• DATA BELOW:
----
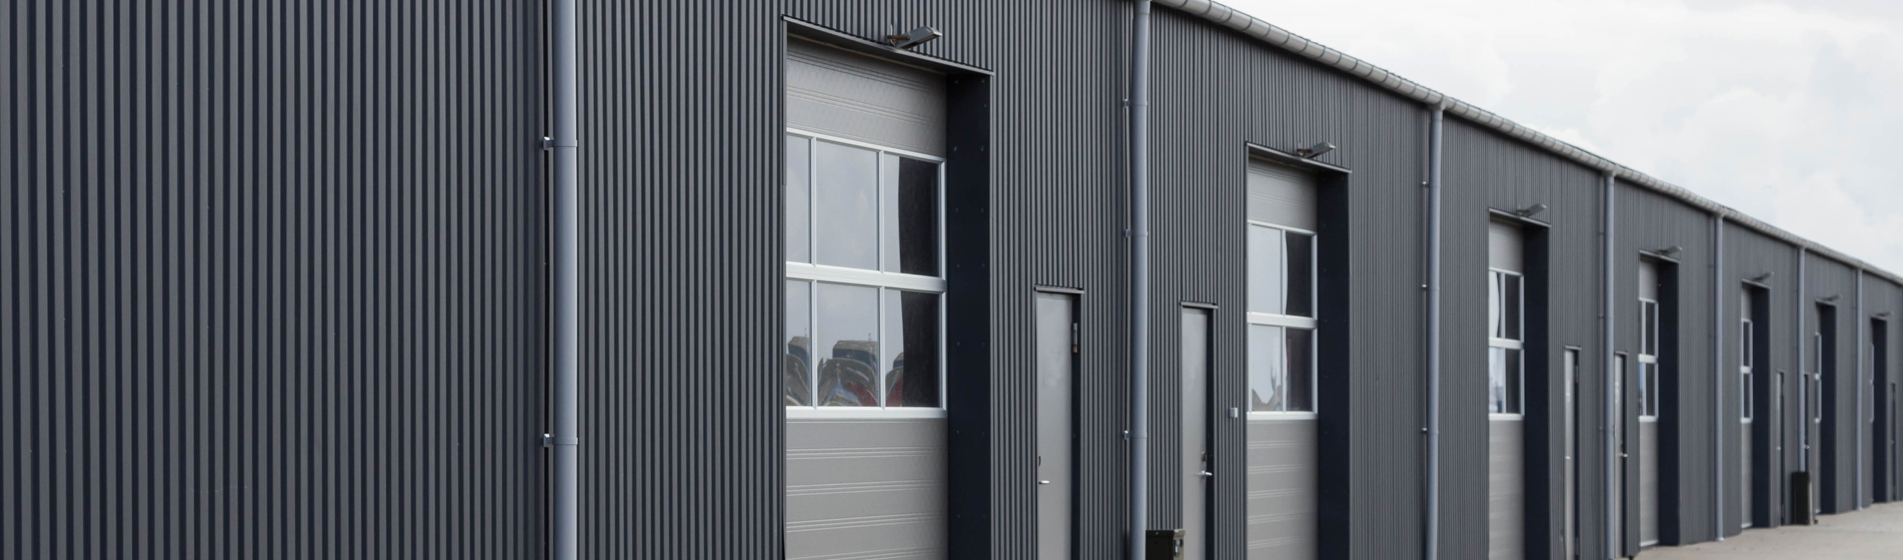 fabricant porte de garage aluminium 13300
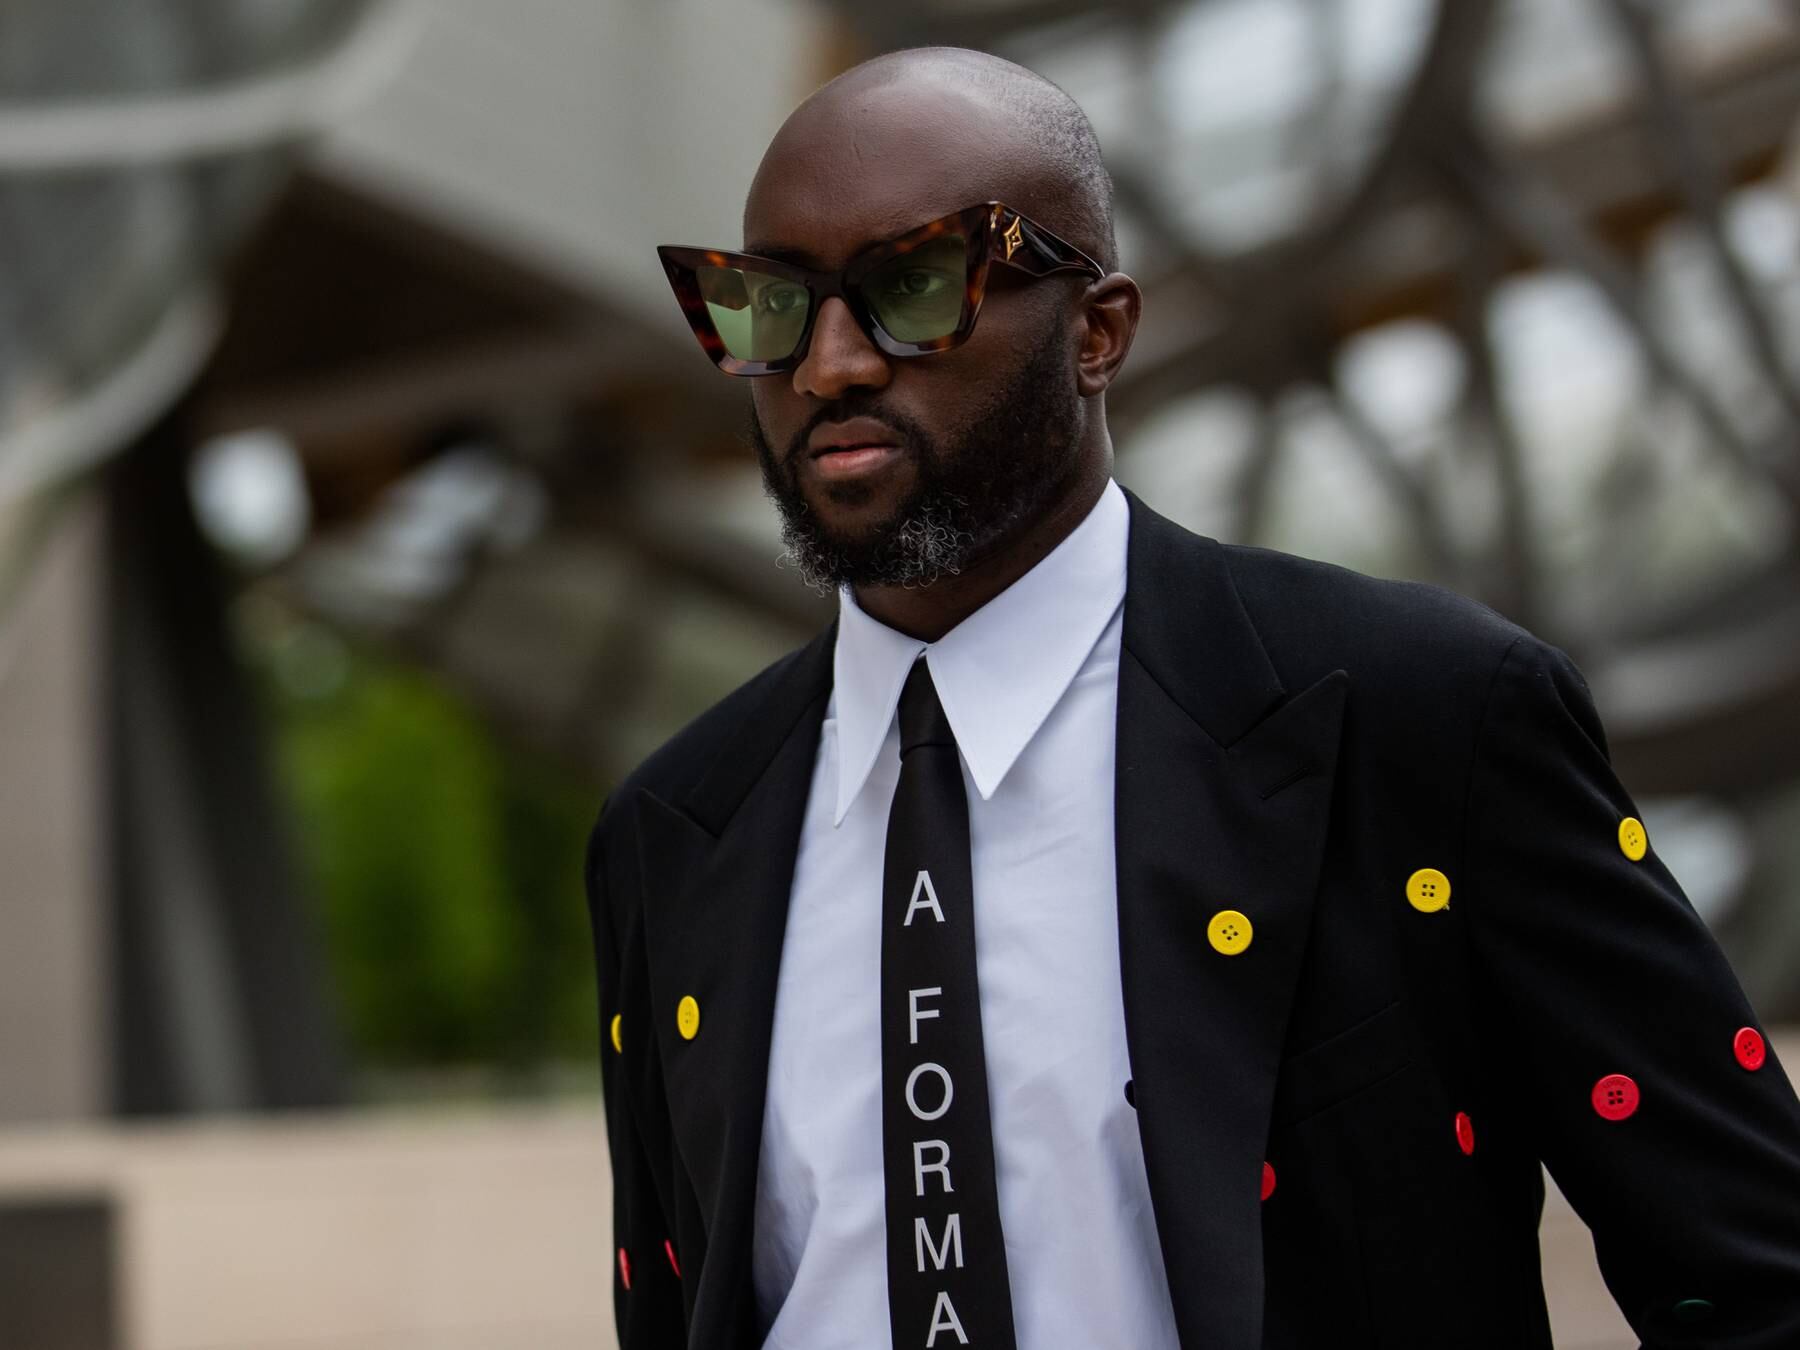 Virgil Abloh dead: Fashion designer, Kanye West collaborator was
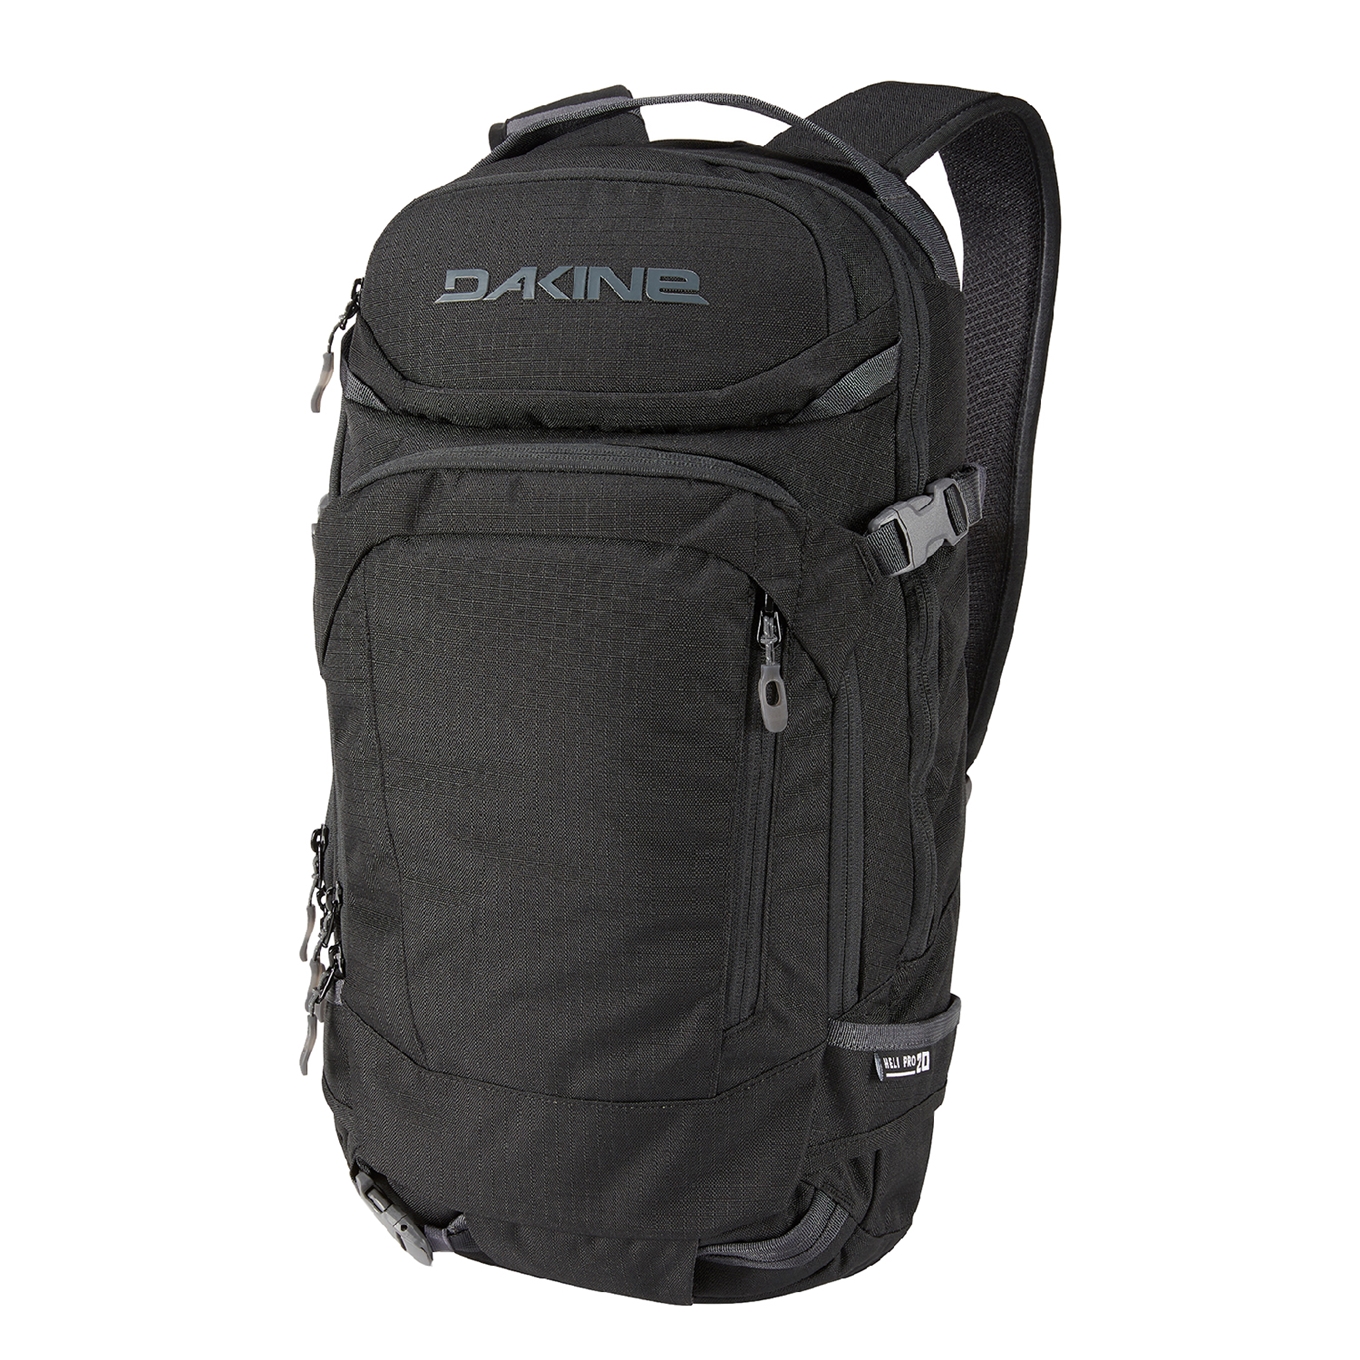 Dakine Heli Pro 20L Rugzak black II backpack
----
Each line from the one containing "Virgil Abloh dead: Fashion" through the last line above should be retyped exactly, and no other line. Any picture is to be left out.

• SOLUTION FOR THIS EXERCISE:
 Virgil Abloh dead: Fashion designer, Kanye West collaborator was
 Dakine Heli Pro 20L Rugzak black II backpack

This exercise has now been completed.